There are a lot of unanswered questions around how the economic adjustment will play out. Whether AI will primarily be a substitute or a complement for labor, how quickly it diffuses across the economy, and ultimately who wins versus loses are all very difficult to forecast. Unlike past general-purpose technologies, which took decades to diffuse, AI use is spreading fast, with divergent consequences across the economy. Recent sharp declines in equity and loan valuations across AI-exposed sectors underscore these risks.

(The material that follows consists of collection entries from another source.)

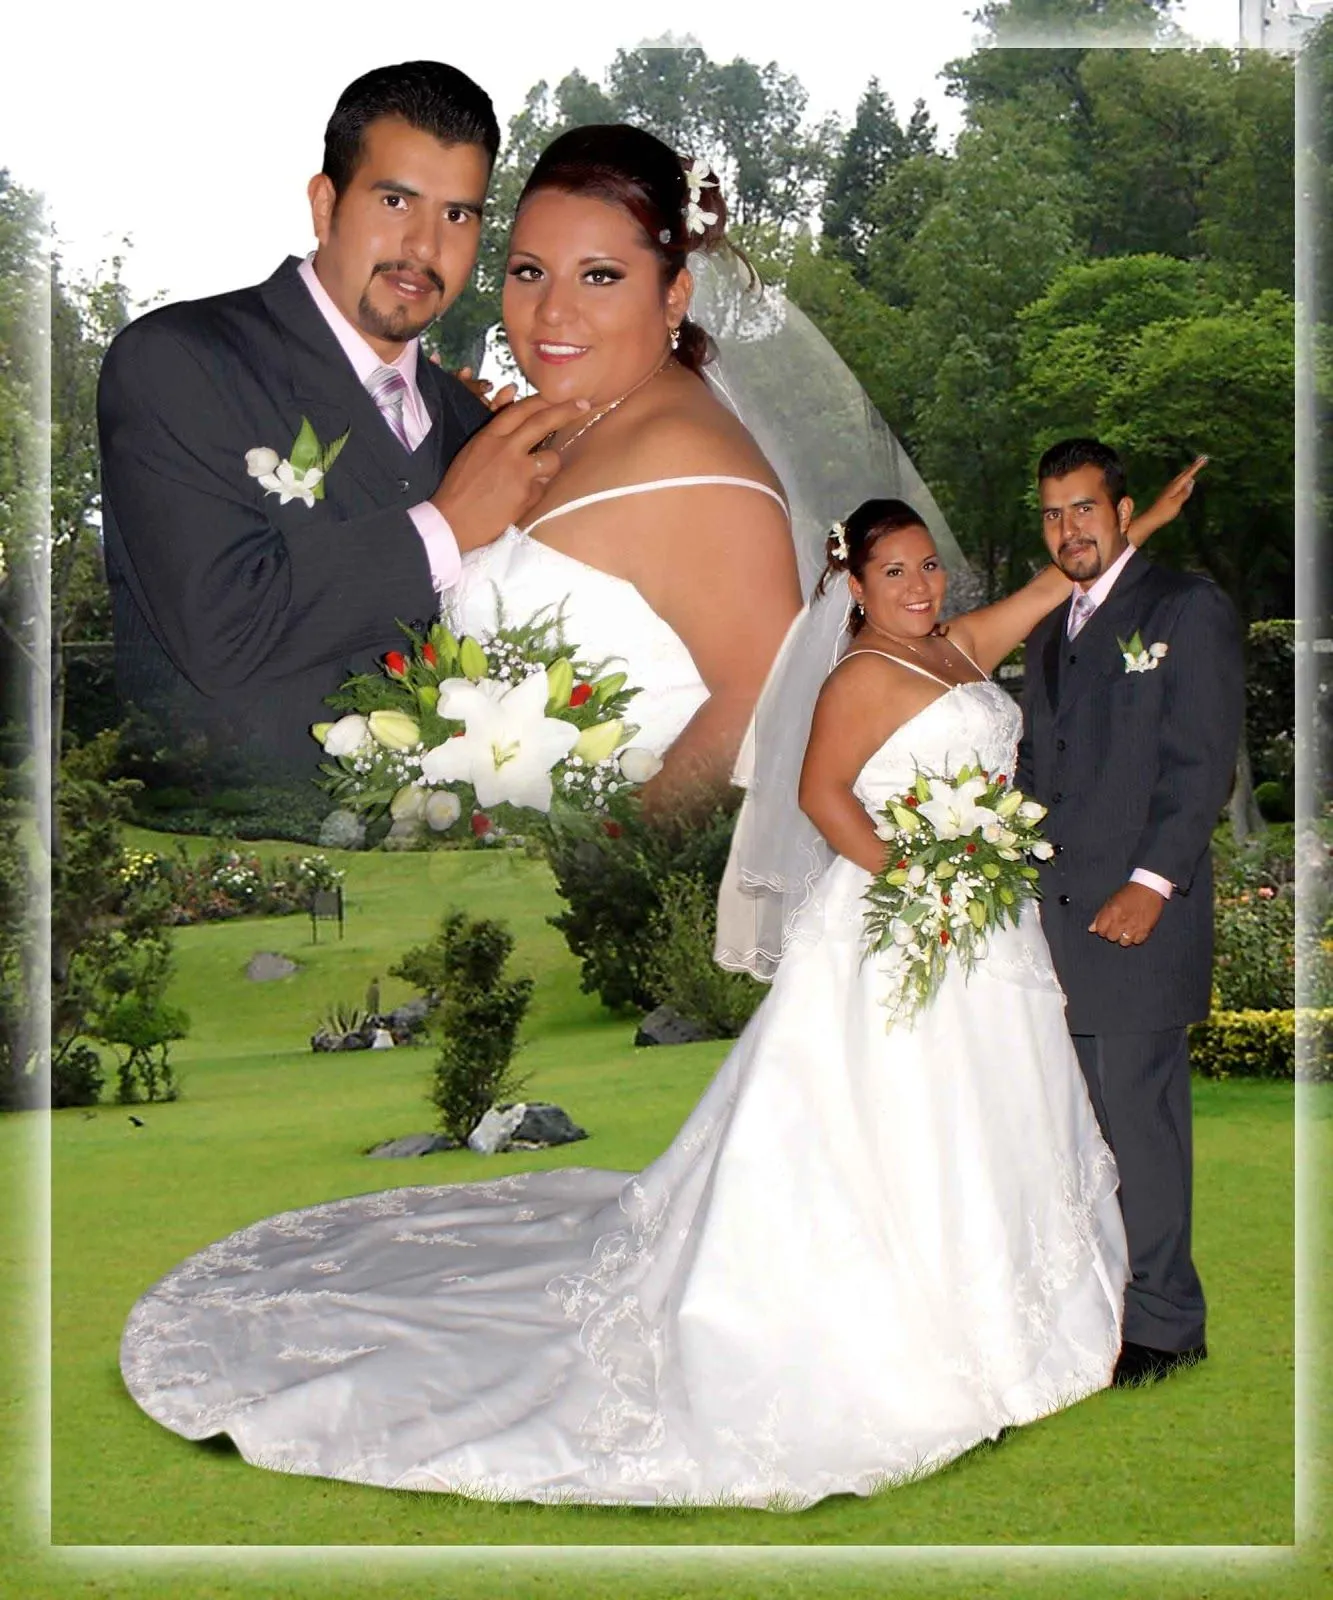 Fondos para bodas Photoshop - Imagui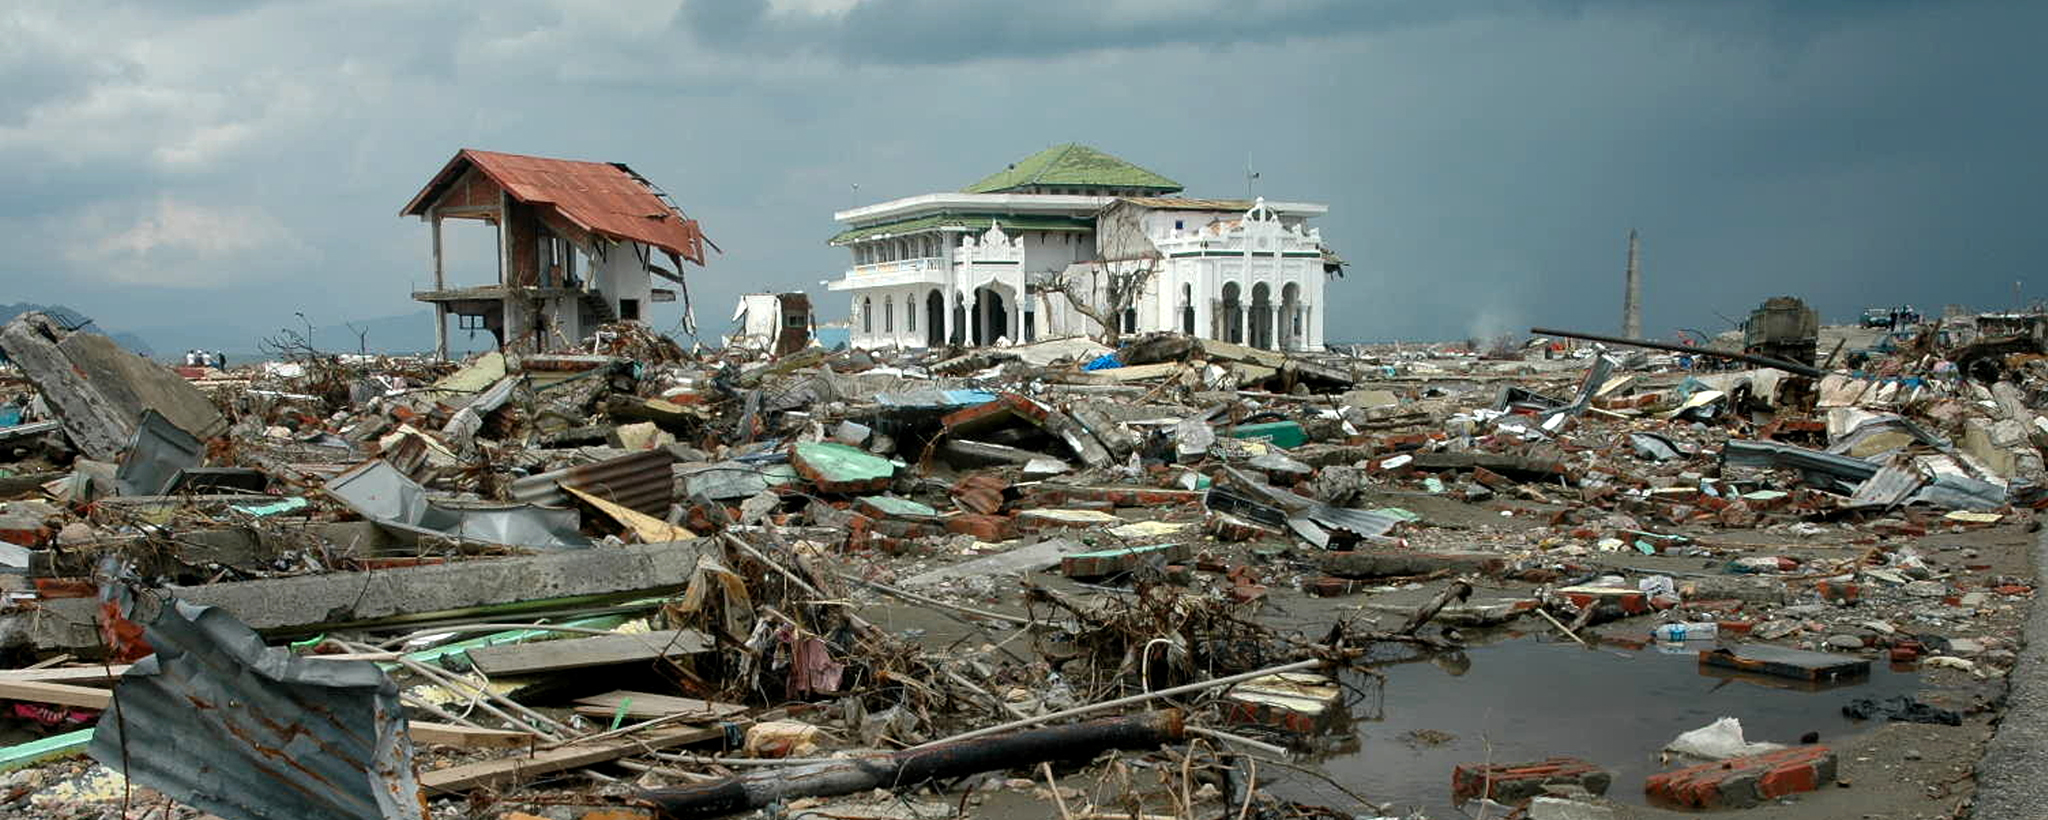 devastación después de un tsunami 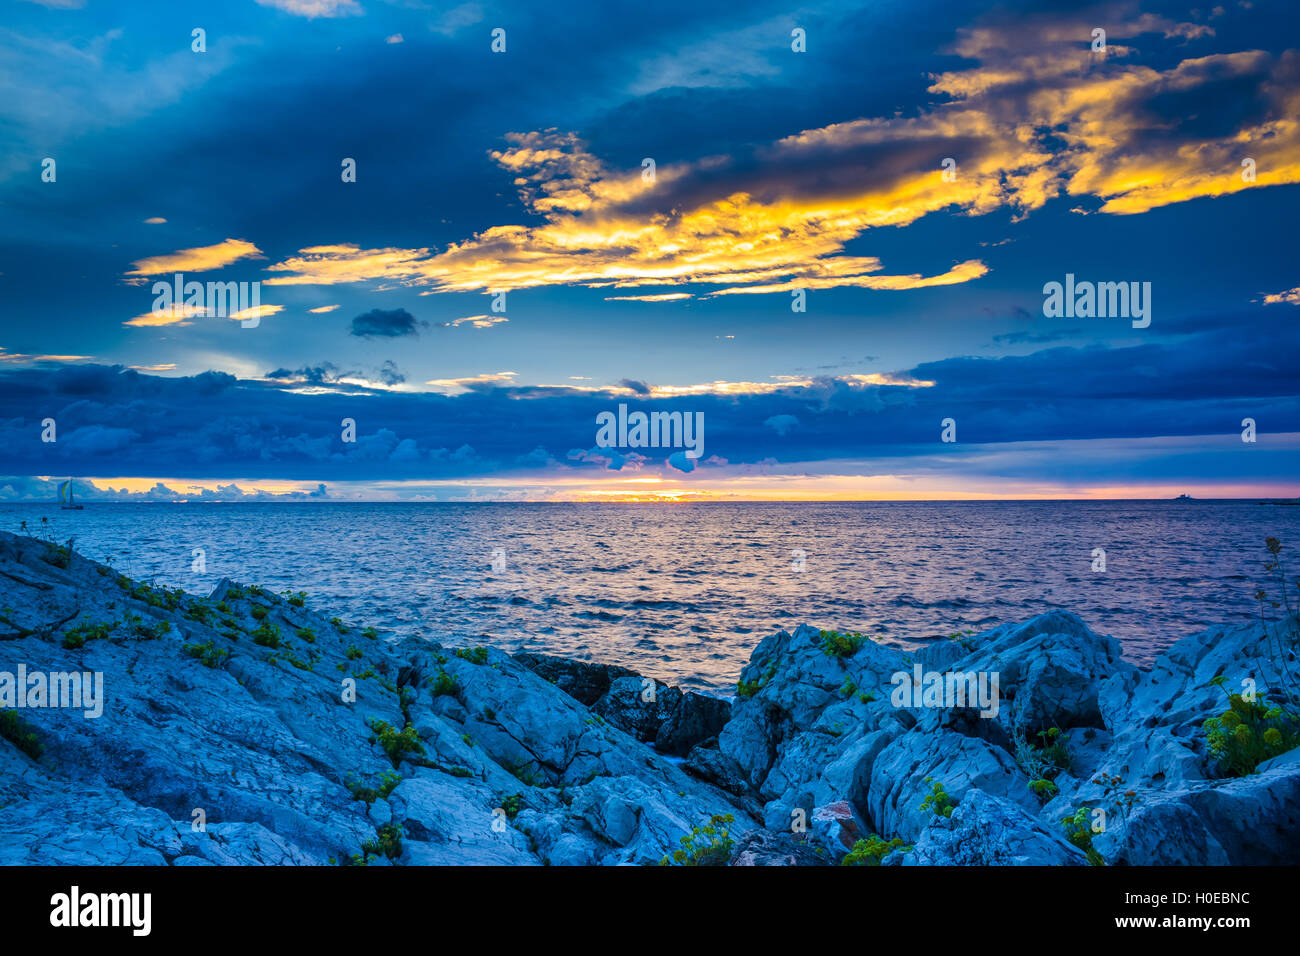 Colorful landscape photo of the Adriatic Sea Croatia Stock Photo

Given the uncertainty, comparisons to historical economic transformations that followed the introduction of general-purpose technologies are natural. Specifically, the late-1990s diffusion of personal computers, networking, and the internet, which drove a productivity boom, is a potentially useful study for today. However, there are important differences between the late 1990s and what is happening today. If 2025 is a preview, AI might not be a productivity tide that lifts all boats. Indeed, the risk is that much of the value AI creates will accrue primarily to capital holders – not workers.

Lessons from the 1990s …

In 1994, Nobel laureate economist Paul Krugman remarked that while productivity isn’t everything in the long run, it’s “almost everything.” Productivity-enhancing new technologies have tended to raise living standards by augmenting both supply and demand over time – a tide that lifts all boats. Achieving greater output with the same level of input (whether through technological innovation or any means) increases productive capacity simply by definition. As part of this trend, more productive workers tend to earn higher real wages, and more productive capital tends to earn higher returns. Higher real wages and profits should in turn encourage consumption and investment, and support demand.